Method 500 then moves to step 524 to finish.
[0055] Returning again to FIG. 4, once the identification numbers
of all of the documents that are similar to the seed document have
been included in the temporary category, method 400 moves to step
416. In step 416, method 400 determines whether the number of
documents in the temporary category (represented by the
identification numbers) is enough to merit the creation of a
category. To determine if a category should be created, method 400
accumulates the weight of each document to get the total weight of
the collected documents in the temporary category.
[0056] For example, in one embodiment, each document contributes an
equal weight of one. In another embodiment, a different weight is
given to each document based on its rank value.
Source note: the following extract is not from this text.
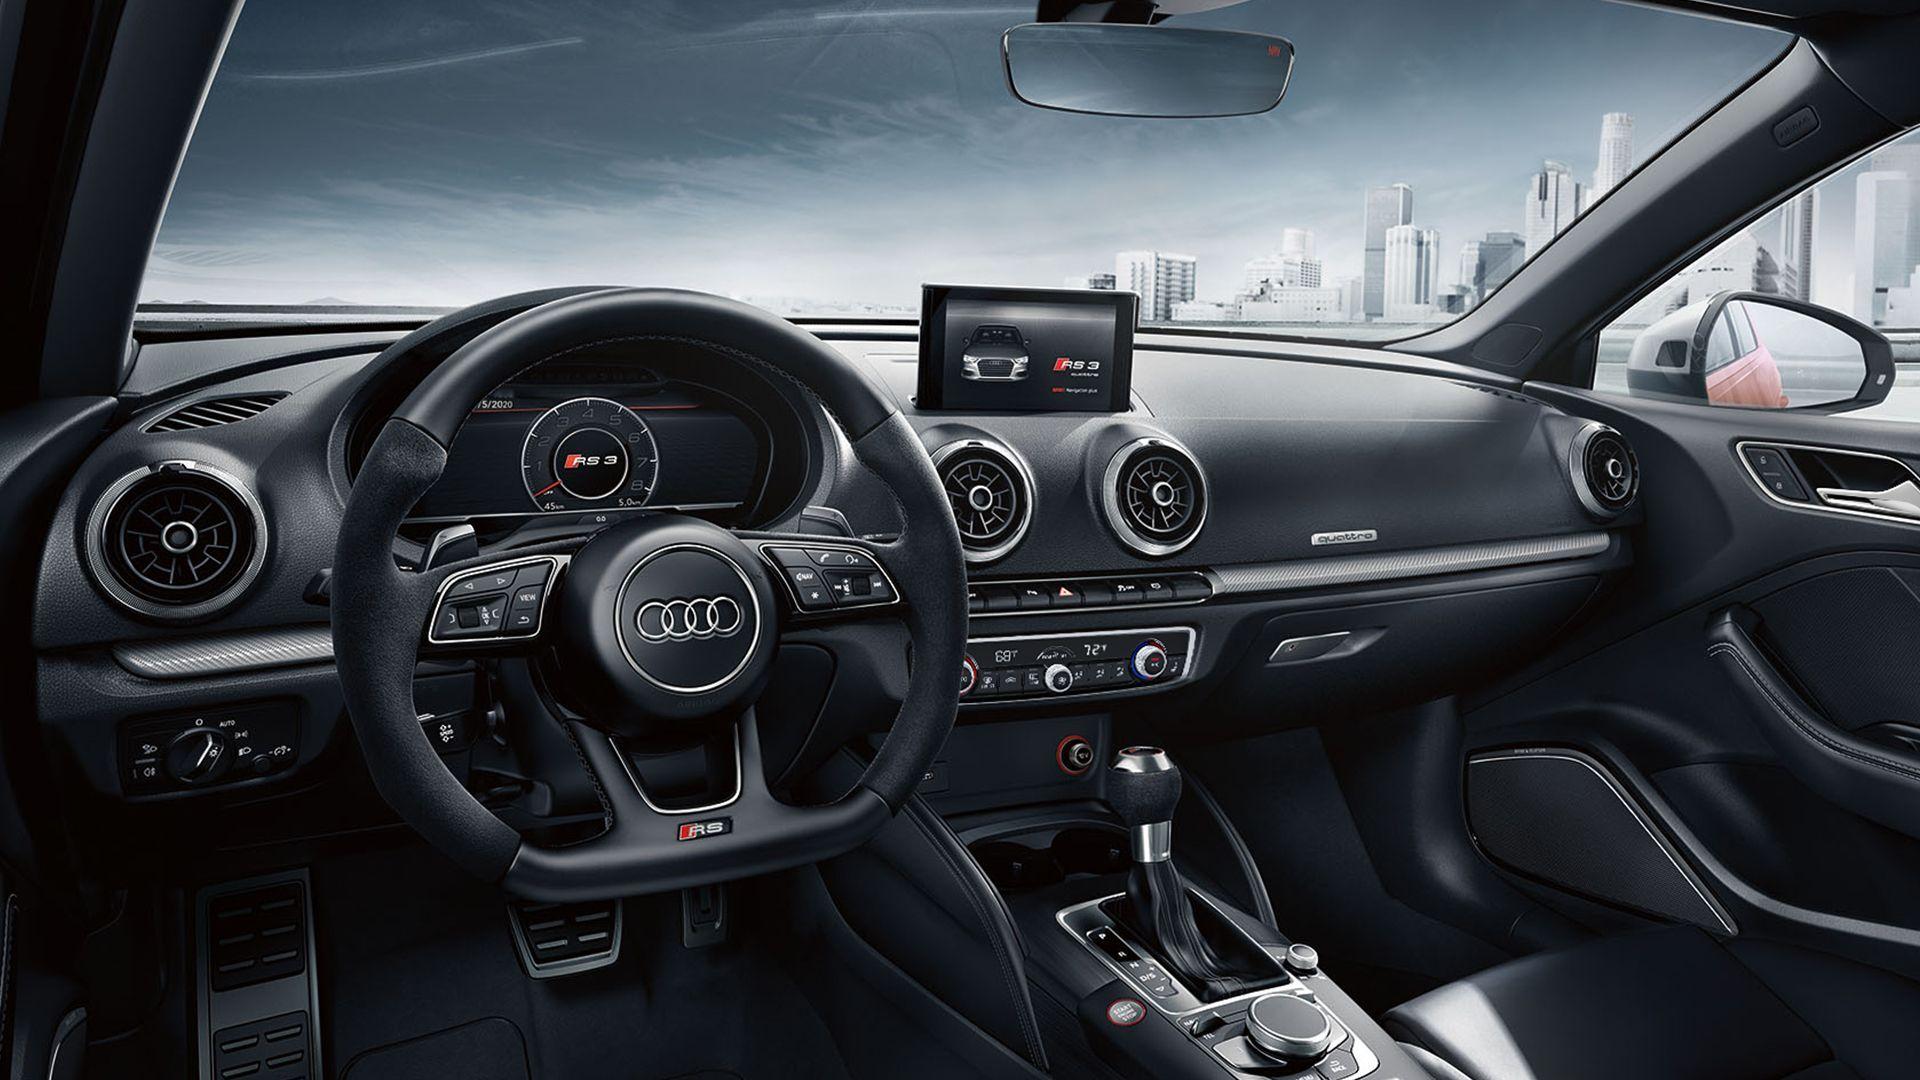 2020 Audi Rs3 Standard Quattro All Wheel Drive Audi Usa

The rank-weight
pairs, for example, can be chosen as {<1, 2.0>, <2,
1.5>, <3,1.0>, <4, 1.0>, <5, 1.0>, . . . }.
Method 400 considers the group to have a large enough number of
documents to merit a new category if the total weight is more than
a preset value, typically three.
[0057] When the number of documents is insufficient to warrant the
creation of a category, method 400 moves to step 418 where method
400 assigns the seed document to a miscellaneous category. (Method
400 can construct the miscellaneous category if the seed document
is the first document not to construct a new category. The
miscellaneous category can alternately be predefined.)
[0058] The miscellaneous category is reserved for the documents
that do not belong to any specific category. Method 400 then moves
to step 420 to discard the identification numbers of all selected
documents from the temporary category except the seed document.
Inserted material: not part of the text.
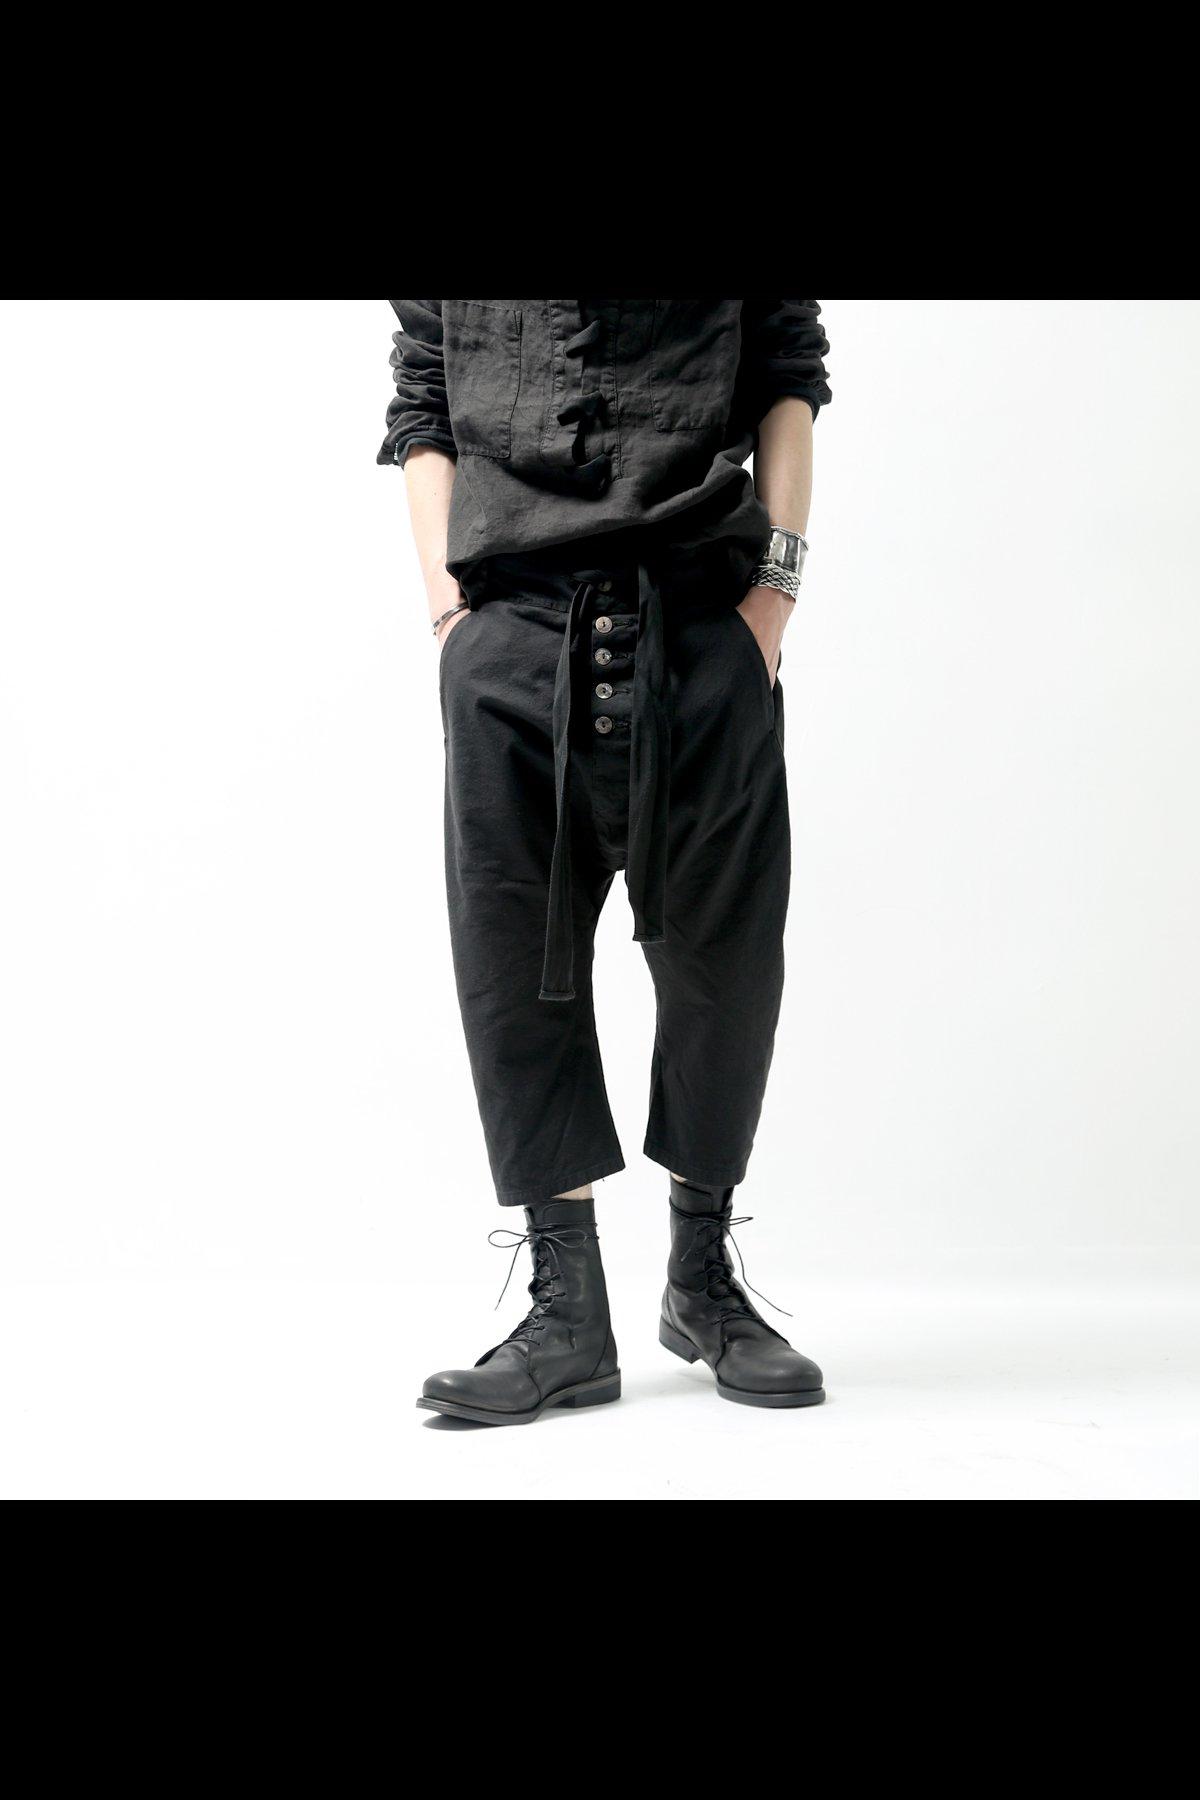 CROPPED LENGTH PANTS 26.02.01_BLACK

Method 400 then moves to step 426 to mark the seed document in the
temporary category as processed. Method 400 then returns to step
410.
[0059] When the number of documents is sufficient to merit the
construction of a category, method 400 moves to step 422 to create
a new category for the documents in the temporary category and
stores the list of identification numbers of the documents in
memory 110 as a first constructed category. Method 400 then moves
to step 424 to generate a heading to represent the newly created
category. For example, in one embodiment, method 400 selects the
longest common sub-string present in all of the titles of the
member documents of the category as the heading. In another
embodiment, method 400 can choose several, typically three, of the
most common strings as the heading.
[0060] Method 400 then moves to step 426 to mark the documents in
the temporary category as processed. Following this, method 400
returns to step 410 and repeats the process until all documents in
the initial or preprocessed collection of documents have been
marked as processed.
[0061] Thus, in step 412, the content of the temporary category is
discarded and a new seed document is selected. In step 414, the
identification numbers of the documents that are similar to the new
seed document are collected into the temporary category, and in
step 416 a determination is made as to whether the new seed
document is to be added to the miscellaneous category in step 418
or whether a new category is to be formed in step 422. Once all of
the documents in the initial or preprocessed collection of
documents have been assigned to at least one of the categories and
marked as processed, method 400 moves to step 428 to finish.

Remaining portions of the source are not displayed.